If it weren’t for excuses, we would all be brutally honest, which some consider being a positive aspect, but honesty without empathy is simply mean.
However, excuses can become a problem. If you get to the point of making an excuse for everything, even for the most everyday proposals, like having a coffee after work, you will get so used to it that you stop considering it, you only automatically answer that you can’t because you are busy. When we begin to believe the excuses that we make ourselves, we are no longer protecting the feelings of others, we are enclosing our own in a reinforced steel security vault.
Excuses as a coping mechanism
The psychological origin of excuses comes from the natural need to be valued. We all need to feel that we are valuable, and we need to be told, it is normal even for an adult.
From a young age, these validation messages are very important, it is not a coincidence that our parents would squash and congratulate us when we were able to use a spoon. These positive reinforcements turn them into adults with (a little) more abilities to regulate their emotions since the lack of validation in childhood will not make them look for it in other places, sometimes not being the healthiest.
So maybe the reason you have such a hard time accepting invitations all the time is that you are looking for validation. Doesn't it make more sense to accept everything that is proposed to us to be validated? In essence, it seems so, but excuses are a way of hiding the true reasons why we lie. If every time your friends ask you out you told them "I'm sorry, I can't, it's just that I don't feel like it" they would surely stop inviting you, since they would think you don't like them, but no matter how many times we reject invitations, we don't want to stop being invited.
Overjustifying yourself is a sign of insecurity, which is normal, we are all insecure. You should keep in mind that you are not being judged all the time and that no one is watching your movements with a magnifying glass.
When you decline an invitation to yourself
What happens when the experiences we are rejecting don't come from the invitation of other people? If I make an excuse to myself for why I didn't start going to the gym this year, whose feelings am I protecting?
You can become dependent on excuses as you can be on any substance. I'm not going to tell you the clichéd advice to “get out of your comfort zone” because the truth is that this zone is great, it has my bed, my favorite tv show, and snacks, but I would advise you to expand your comfort zone.

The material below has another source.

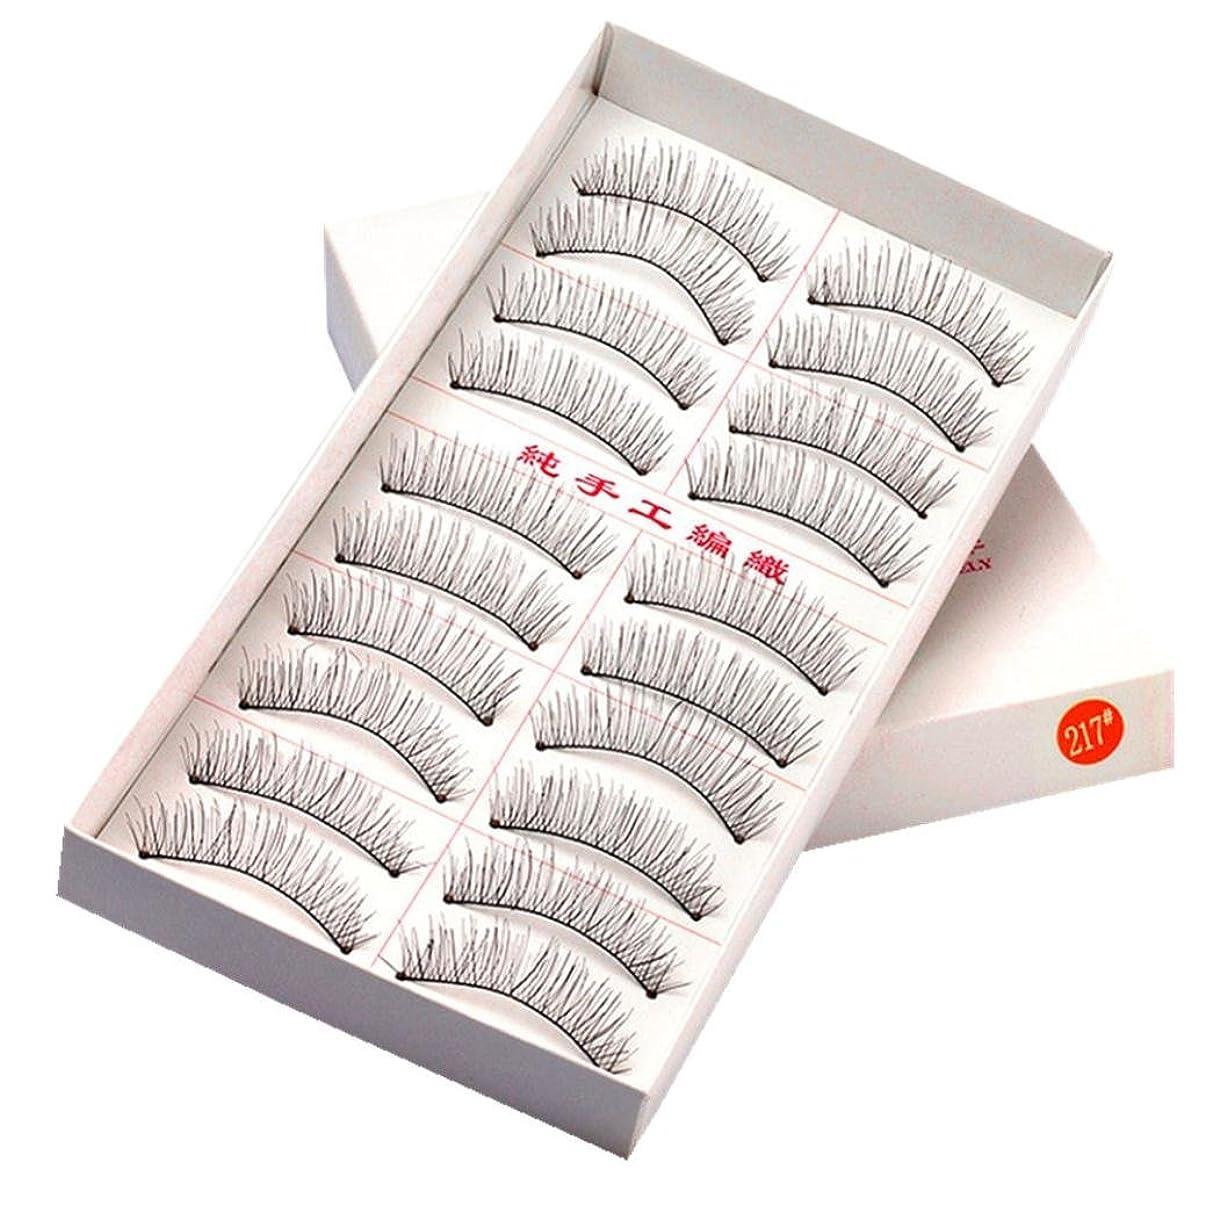 可動例示するシニスFeteso 10ペアセット つけまつげ 上まつげ Eyelashes アイラッシュ ビューティー まつげエクステ レディース 化粧ツール アイメイクアップ 人気 ナチュラル 飾り ふんわり 装着簡単 綺麗 変身

You don't have to stop reading this right now and go bungee jumping off a bridge (finish reading first, please), we are not all born to be extreme athletes nor do we have to be. But you must realize when you give yourself permission to say “no” to everything. It's okay to avoid unpleasant situations, but the way to do it is not to avoid all situations in general.
“I was going to be a pro but I hurt my knee" or maybe you didn't try hard enough.

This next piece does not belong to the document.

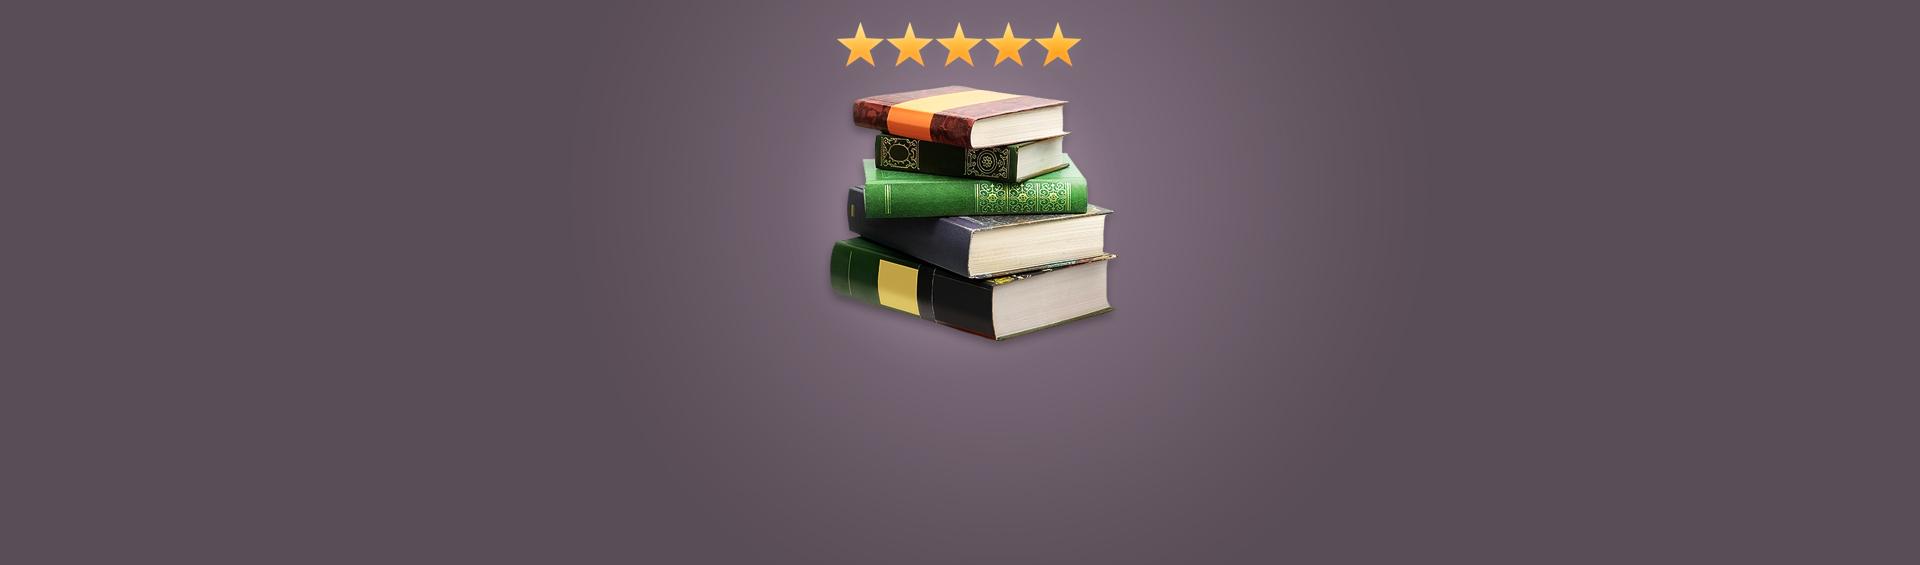 Что читать про маркетинг. 16 лучших книг

The best way to stop making excuses as a habit is to set yourself little challenges every day. Many people fail to change their lifestyle because they are forced to live very great experiences overnight and that leads them to re-cease to the zone of excuses. Start by accepting that coffee at the end of work with your colleagues.
Stop justifying yourself all the time, when you really can't accept an invitation a simple “I can't today, but see you next time” is enough.
Accept the fact that you cannot please everyone, work first for the image that you have of yourself before worrying about how others see you. Start saying "yes" to yourself and you will see how the experiences will come by themselves and you will not be afraid to accept them.
Allow yourself to make mistakes. We make excuses to ourselves because we are afraid of failure. When you accept that you will not be successful at everything the first time, you allow yourself to keep trying. The first key to achieving goals is consistency.
Accept the little challenges of the day-to-day, and leave excuses only for when they are very necessary.
Now, if you'll allow me, I have to go to dinner with a friend.